THE QUIET AMERICAN stars Michael Caine as Thomas Fowler, a tired British journalist living with a young Vietnamese woman, Phuong, in Saigon in 1952. The French are still fighting the Communists, led by Ho Chi Minh, but the American embassy has been helping the French behind the scenes. Fowler has a wife in England, but she is Roman Catholic and refuses to grant him a divorce.
One day, Fowler meets a young American named Alden Pyle, who is part of an economic aid program from the U.S. Fowler introduces Pyle to his mistress, and Pyle is immediately taken with her exotic beauty. At first, Fowler is amused by Pyle’s attraction, but then he grows worried. He angrily tells Pyle to buzz off, even when Phuong declines Pyle’s declaration of love.
The war throws Fowler and Pyle together again, however. Fowler takes a renewed liking to the charming American, especially when Pyle saves his life. Even so, a letter from Fowler’s wife drastically changes the situation. Fowler then becomes suspicious of Pyle’s role in a plot by American intelligence to support a charismatic Vietnamese general, who decides to lead a new movement to fight both the Communists and the French. The truth is revealed, a tragedy occurs, and Fowler takes drastic action that will change all their lives.
THE QUIET AMERICAN implicates the American CIA in a terrorist bombing in the story that was meant to kill soldiers but ends up killing civilians, including a little baby. Although the movie shows that it was the Communist leader, Ho Chi Minh, who decided to invade South Vietnam, forcing the Americans to increase their presence, it ultimately puts the blame squarely on the U.S.A. for meddling in the political and military affairs of Vietnam. The movie fails to mention, however, the support that the Communists received from despicable, murderous regimes like the Soviet Union and Communist China. Nor does the movie show the fact that, despite the defeat that America suffered in Vietnam, America’s involvement there helped Asian countries like South Korea, Taiwan, Hong Kong, and Japan become strong, relatively democratic economic powers. Thus, it can be argued that, without the Vietnam War, which contained Communism for a time, these countries would never have been able to achieve the success that they did. Of course, it remains to be seen whether liberty will actually survive in Southeast Asia and China. There are still totalitarian forces at work in that area of the world, as there are totalitarian forces at work in the United States itself.
As usual, Michael Caine does a bang-up job as the morally ambiguous Fowler. Brendan Fraser is not so compelling as Pyle, however. Part of the problem, though, seems to be the poorly scripted character, who just isn’t believable. Hai Yen as the lovely Phuong also is not so convincing as the elder Fowler’s young mistress. The filmmakers have not succeeded in making these younger characters come alive. They probably should have made these characters older, to give more weight to their story.
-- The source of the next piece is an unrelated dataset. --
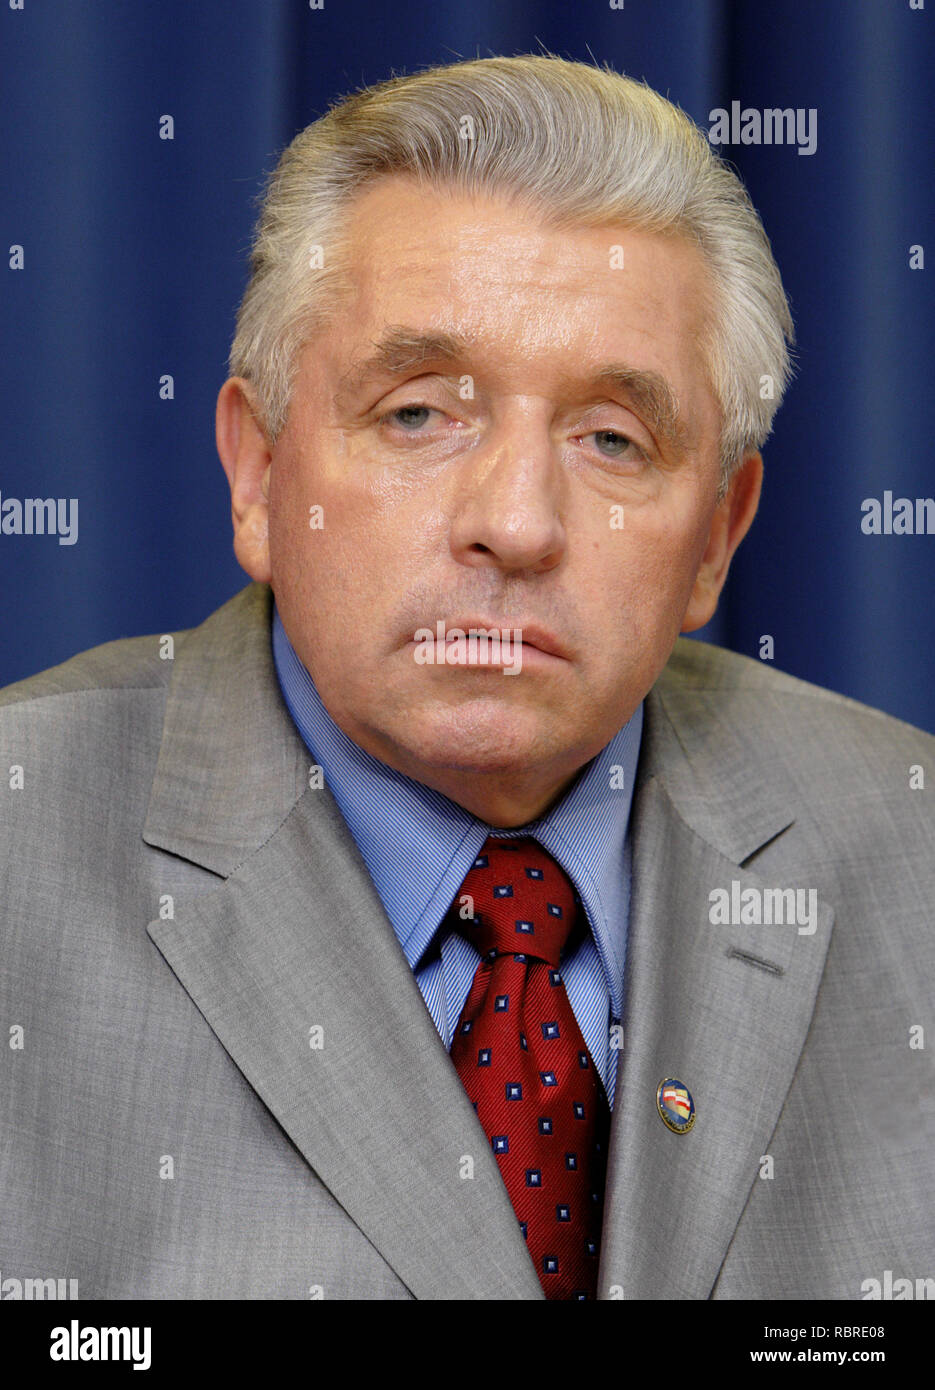 Warsaw, Mazovia / Poland - 2006/08/01: Andrzej Lepper - deputy Prime Minister and Minister of Agriculture and Self Defence Samoobrona party leader in  Stock Photo

Also, there is a hole in the plot, in that it should have taken Fowler less time to become suspicious of Pyle. This is so especially when Pyle keeps showing up in military situations, where he demonstrates an ability beyond his character’s alleged background.
Despite these flaws, the filmmakers have succeeded in taking Vietnam back to an earlier time, when nations and political/military leaders would take crucial actions that would have repercussions for many decades later. It may have been more interesting to get even more involved in this atmosphere, instead of reducing the situation to a romantic triangle and a relatively superficial political thriller.